Thankfully, with the mounting pressures of transparency, supported by regional and local government this is likely to change and companies can take tangible steps to validate their assertions.
Many organisations know the importance of understanding their internal greenhouse gas inventory (GHG), measuring Scope 1, 2 and 3 emissions for a foundational understanding of how emission-intensive they are. Beyond this rather theoretical exercise, there are more action-oriented options that can assist in sourcing empirical evidence to back up their claims, deepening their engagement and understanding.

For consumer-facing businesses, Life Cycle Assessment (LCA) can evaluate the environmental impact of a product, identifying areas for improvement. The LCA, while requiring technical knowledge, gives comprehensive oversights of a product’s lifecycle from raw material extraction to disposal, providing significant business intelligence.
Proctor & Gamble used this framework to respond to their customers’ pain point of high energy costs, conducting an LCA of its products. The research found that US households spend 3 percent of annual electricity budgets on heating water to wash clothes. As the opportunity unveiled, they launched a line of cold-water detergents that require 50 percent less energy than warm water washing.
Notably, accreditations offer a robust way to demonstrate commitment to transparency through a systematic auditing process. Environmental management systems, such as ISO 14001 can help companies manage their impact and improve performance.
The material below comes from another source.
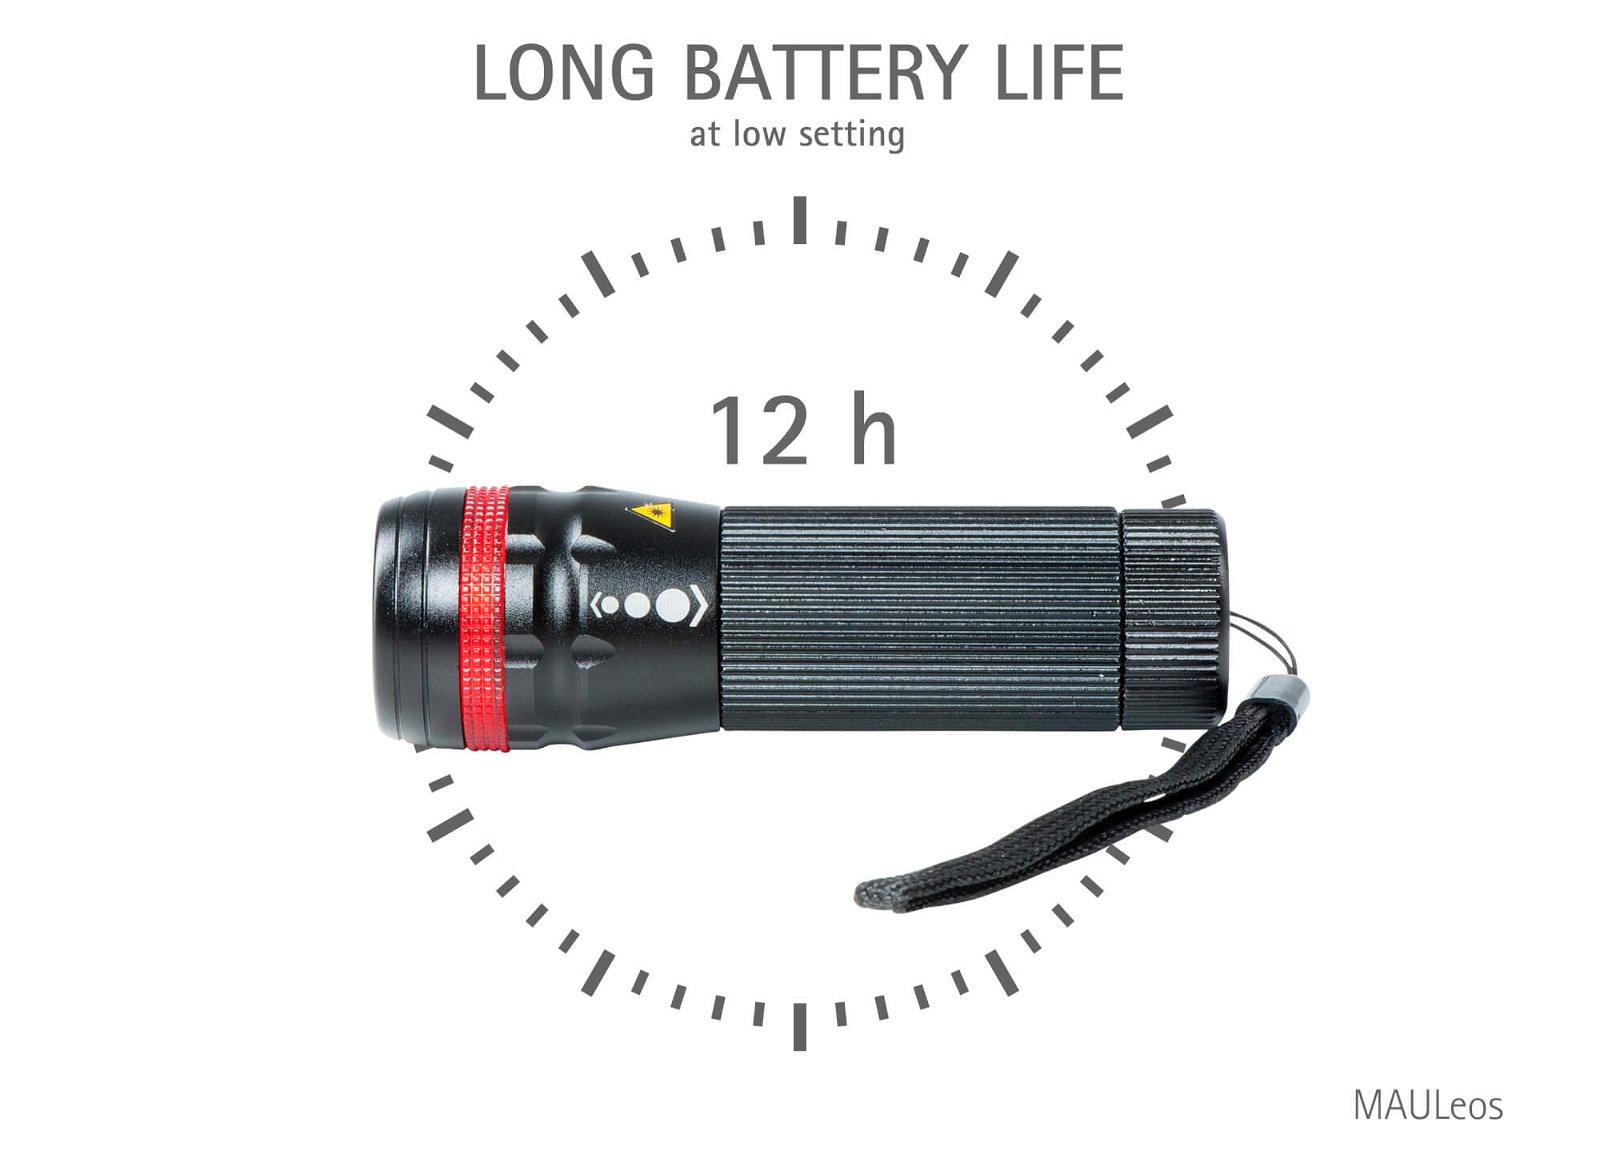 LED-Taschenlampe MAULeos Leuchtdauer

Further, the Science Based Targets Initiative (SBTi) is becoming an increasingly popular way to define and promote best practices in emission reductions and align net zero targets with climate science.
Ultimately, sustainability is the currency of the future. The potential for companies to embark on their sustainability journey can provide short-term gains, such as cost savings, plus more long-term commercial accomplishments such as enhanced reputation, tapping into new markets and innovation capacity.
In the quest to become a more conscious, purpose-driven organisation, it is important to remember that sustainability is, at its core, a social responsibility and an act of self-preservation, not an environmental one. It is about taking responsibility for the impact businesses have on society and future generations, as history has proved the ecological world will thrive through resilience, but the same cannot be said for humankind.